GKE is a fully managed service provided by GCP meaning that you don't need to worry about, backups, recoveries, availability, scalability, certificates… even authentication to the cluster is managed by Google.

You'll have to set up these features if you choose to host your control-plane. Also, other features can be customized in a self-managed setup: audit-logs, enable Kubernetes API server feature flags, set up your own authentication provider and other platform services.

So, if you need to set up a non default cluster, you should consider going with the self-managed cluster. Otherwise, GKE is a good option.

Day two operations

As mentioned before, GKE is responsible for making Kubernetes control plane fully operational with a monthly uptime percentage of at least 99.95%.

source: https://cloud.google.com/kubernetes-engine/sla

On the other side, in a self-managed set up you have to worry about backups, disaster recovery strategies, HA setup, certificate rotations, control-plane and worker updates.

Requirements

As mentioned in the common requirements the operator who is responsible for creating an GKE cluster has to have connectivity from the operator's machine (bastion host, laptop with configured VPN…) to the network where the cluster will be placed.

The machine used to create the cluster should have installed:

  • OS tooling like: git, ssh, curl and unzip.
  • terraform version > 0.12.
  • latest gcloud CLI version.

Cloud requirements

This installer requires to have mainly three requirements:

  • Dedicated VPC.
  • Enough permissions to create all resources surrounding the GKE cluster.
  • If your workloads need to have internet connectivity, you should understand how connectivity works in a GKE private cluster: Using Cloud NAT with GKE Cluster

Gather all input values

Before starting to use this installer, you should know the value of the input variables:

  • cluster_name: Unique cluster name.
  • cluster_version: GKE version to use. Example: 1.15.12-gke.6 or 1.16.10-gke.8. Take a look to discover available GKE Kubernetes versions.
  • network: Network name where the cluster will be created.
  • subnetworks: List of three subnetworks names:
    • index 0: The subnetwork to host the cluster.
    • index 1: The name of the secondary subnet ip range to use for pods.
    • index 2: The name of the secondary subnet range to use for services. All subnetworks should belong to network.
  • ssh_public_key: Cluster administrator public ssh key.

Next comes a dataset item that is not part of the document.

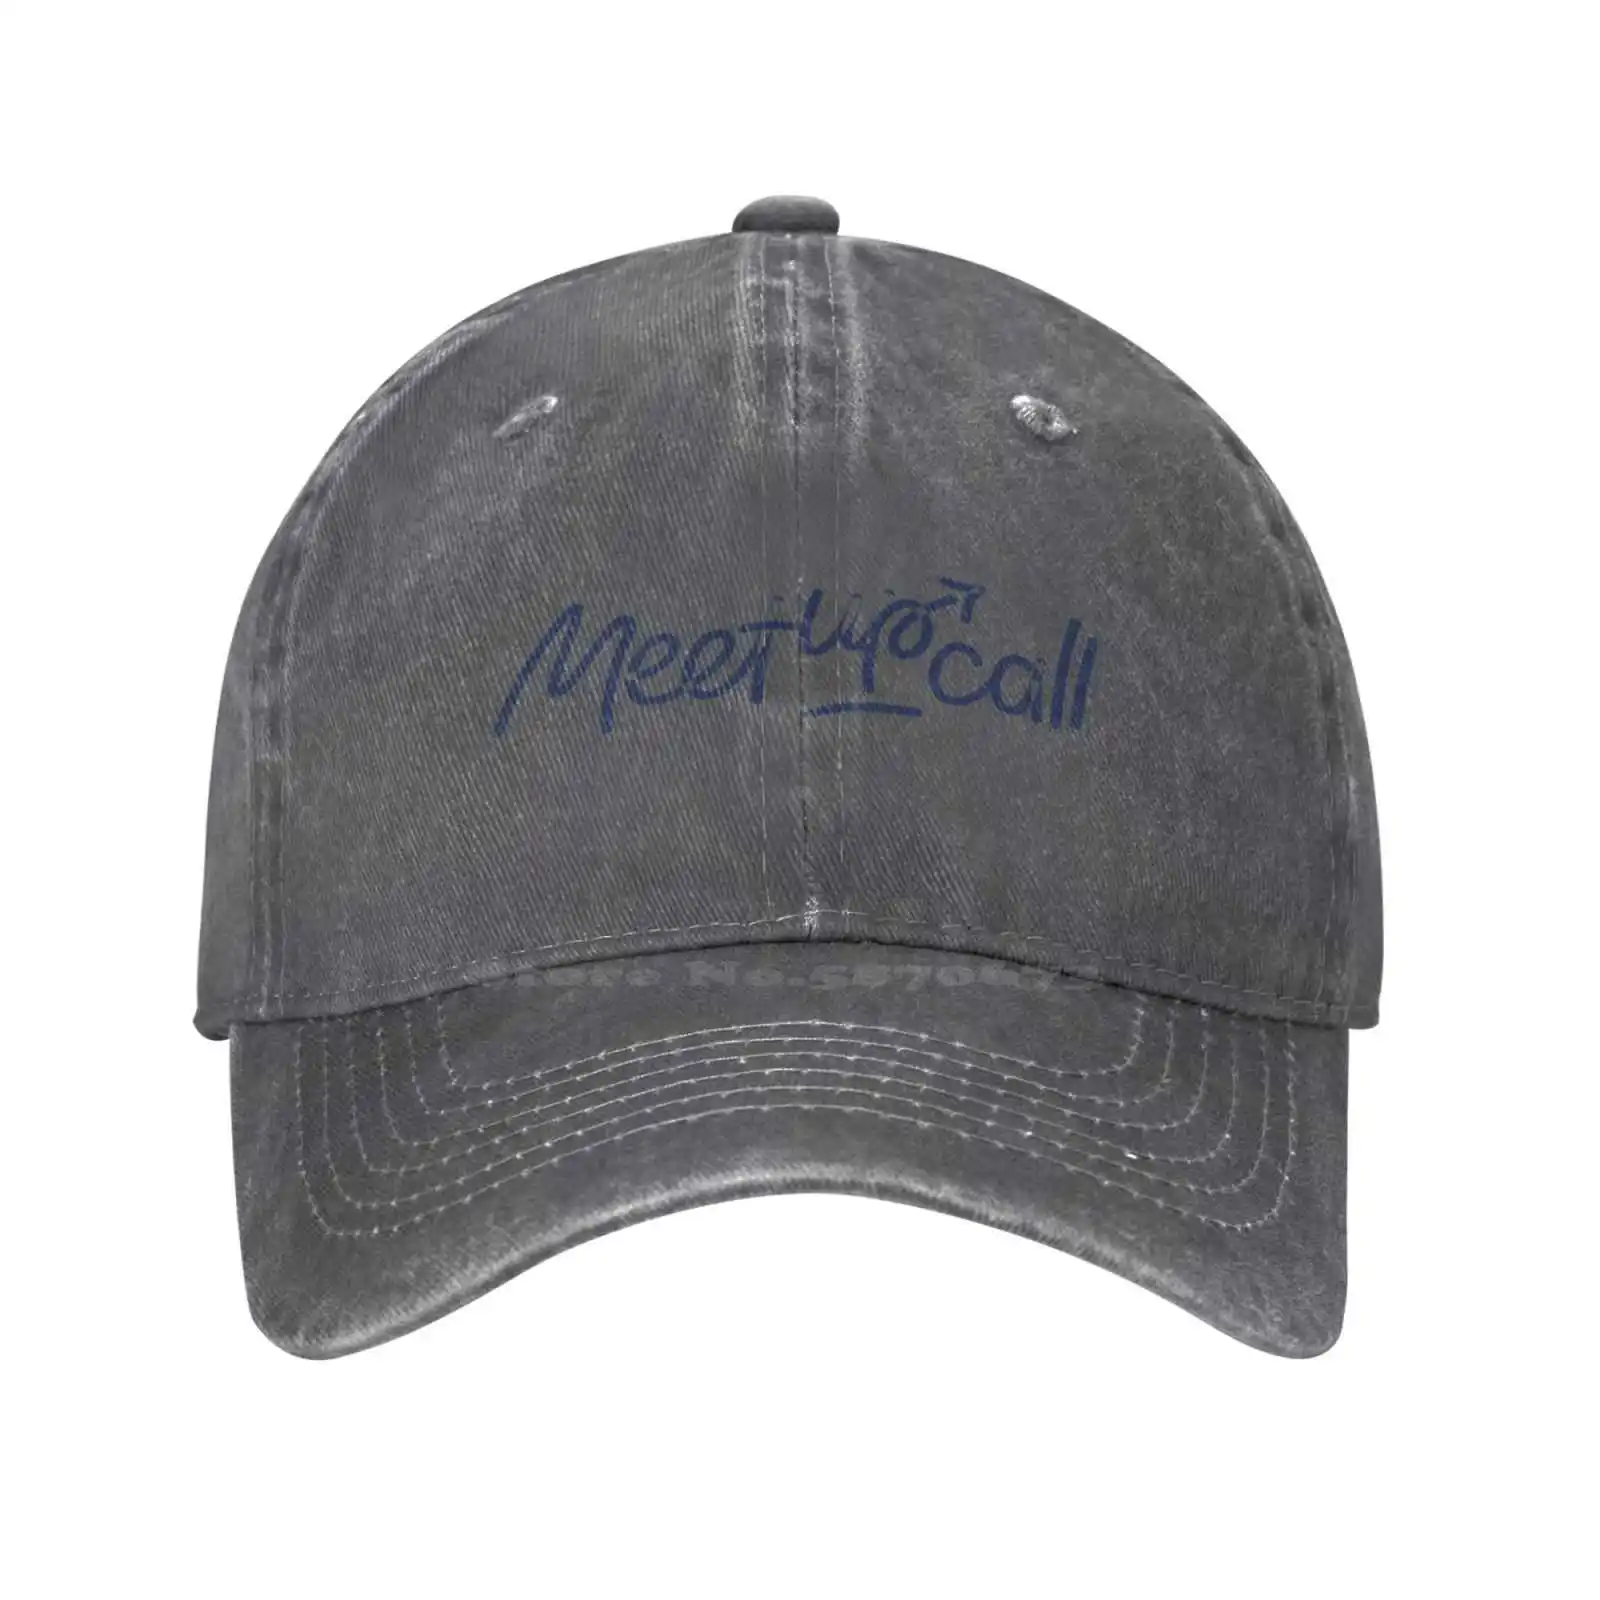 Повседневная джинсовая кепка с графическим принтом логотипа Meetupcall, Вязаная шапка, Бейсболка Изображение 3

Used to access cluster nodes with the operator_ssh_user
  • dmz_cidr_range: Network CIDR range from where the cluster's control plane will be accessible from.

Getting started

Make sure to set up all the pre-requirements before continuing including cloud credentials, VPN/Bastion/Network configuration and gathering all required input values.

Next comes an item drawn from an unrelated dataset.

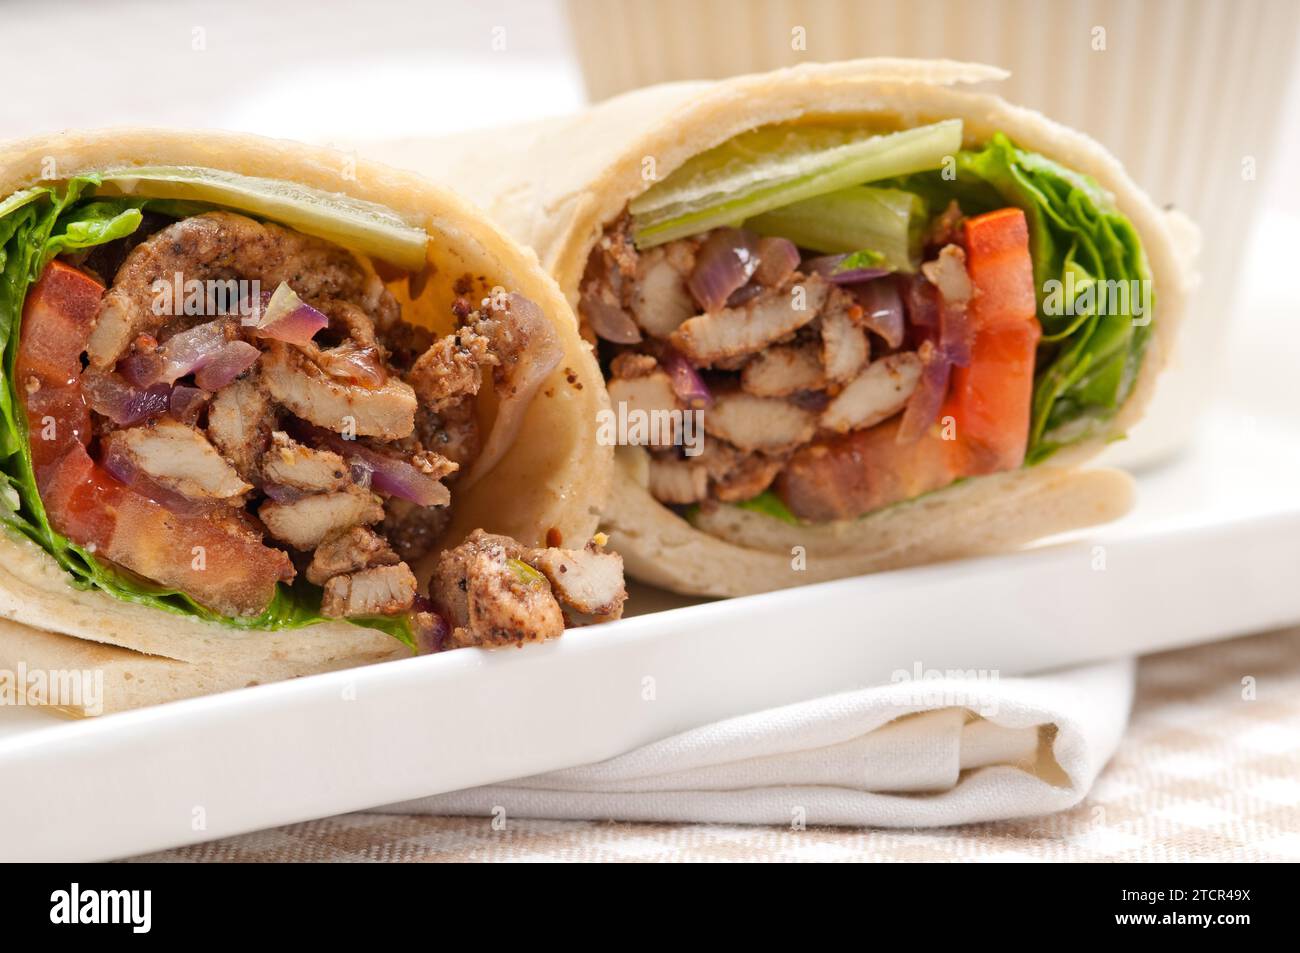 Kafta shawarma poulet pita wrap rouleau sandwich traditionnel arabe moyen-Orient Banque D'Images

Create a new directory to save all terraform files:

$ mkdir /home/operator/sighup/my-cluster-at-gke
$ cd /home/operator/sighup/my-cluster-at-gke

Create the following files:

main.tf

variable "cluster_name" {}
variable "cluster_version" {}
variable "network" {}
variable "subnetworks" { type = list }
variable "dmz_cidr_range" {}
variable "ssh_public_key" {}
variable "node_pools" { type = list }

module "my-cluster" {
  source = "github.com/sighupio/fury-gke-installer//modules/gke?ref=v1.0.0"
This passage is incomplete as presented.